How do you solve \[x = 3y - 1\] and \[x + 2y = 9\] using substitution?

Answer 1

Hint: We have to solve these two equations by substitution method.
The method of solving "by substitution" works by solving one of the equations for one of the variables, and then plugging this back into the other equation, "substituting" for the chosen variable and solving for the other.
So, in the substitution method, we substitute any one of the values of \[x\] or \[y\] in the other equation.
Finally, we will get the solution.

Complete step-by-step solution:
It is given that; \[x = 3y - 1\] and \[x + 2y = 9\]
We have to solve these two equations by substitution method.
We know that, in the substitution method, we substitute any one of the values of \[x\] or \[y\] in the other equation.
Let us take,
\[x = 3y - 1\]…….... (1)
\[x + 2y = 9\]…….... (2)
We will substitute the value of \[x\] from (1) in (2).
So, we have,
$\Rightarrow$\[3y - 1 + 2y = 9\]
Simplifying we get,
$\Rightarrow$\[5y = 10\]
Simplifying again we get,
$\Rightarrow$\[y = \dfrac{{10}}{5}\]
Simplifying again we get,
$\Rightarrow$\[y = 2\]
Now, we will substitute \[y = 2\] in (1) we get,
$\Rightarrow$\[x = 3 \times 2 - 1 = 5\]
So, the values are \[x = 5\] and \[y = 2\].

Hence, the solution is \[x = 5\] and \[y = 2\].

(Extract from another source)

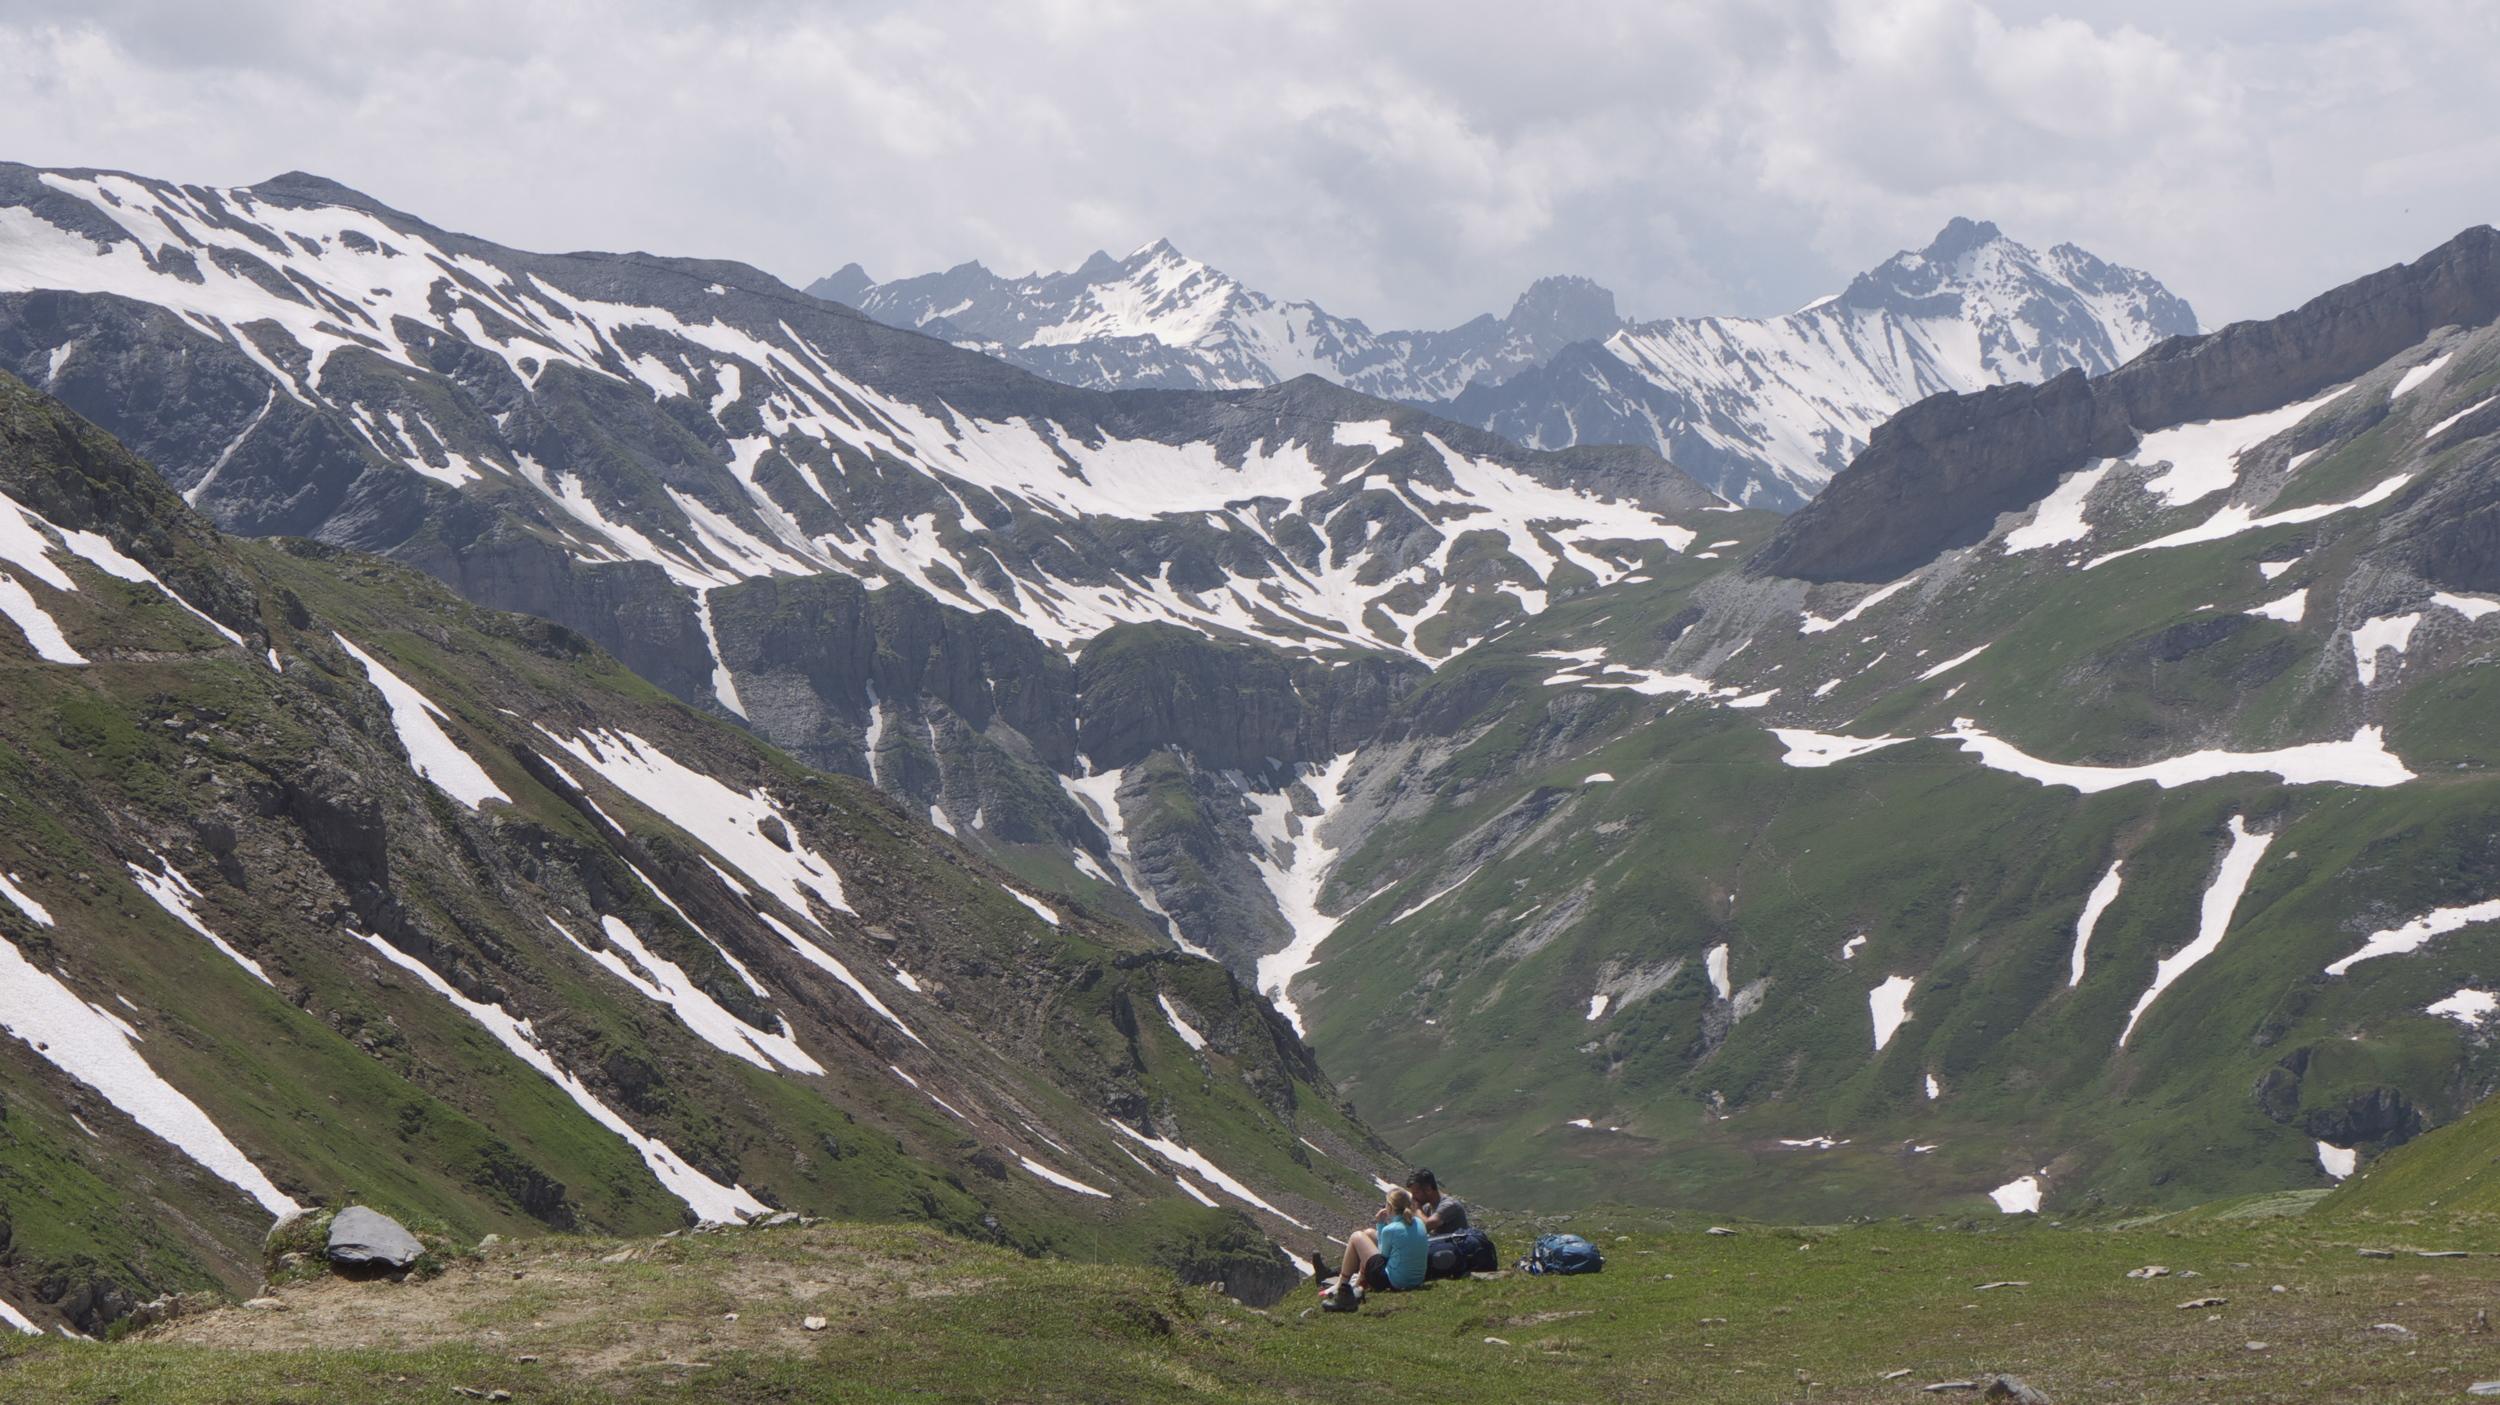 The Col du Bonhomme sits near the heart of the Reserve Naturel des Contamines-Montjoie.

Note: The substitution method is the algebraic method to solve simultaneous linear equations. As the word says, in this method, the value of one variable from one equation is substituted in the other equation.
In this way, a pair of the linear equations gets transformed into one linear equation with only one variable, which can then easily be solved.
The method of substitution involves three steps:
Solve one equation for one of the variables.
Substitute this expression into the other equation and solve.
Re-substitute the value into the original equation to find the corresponding variable.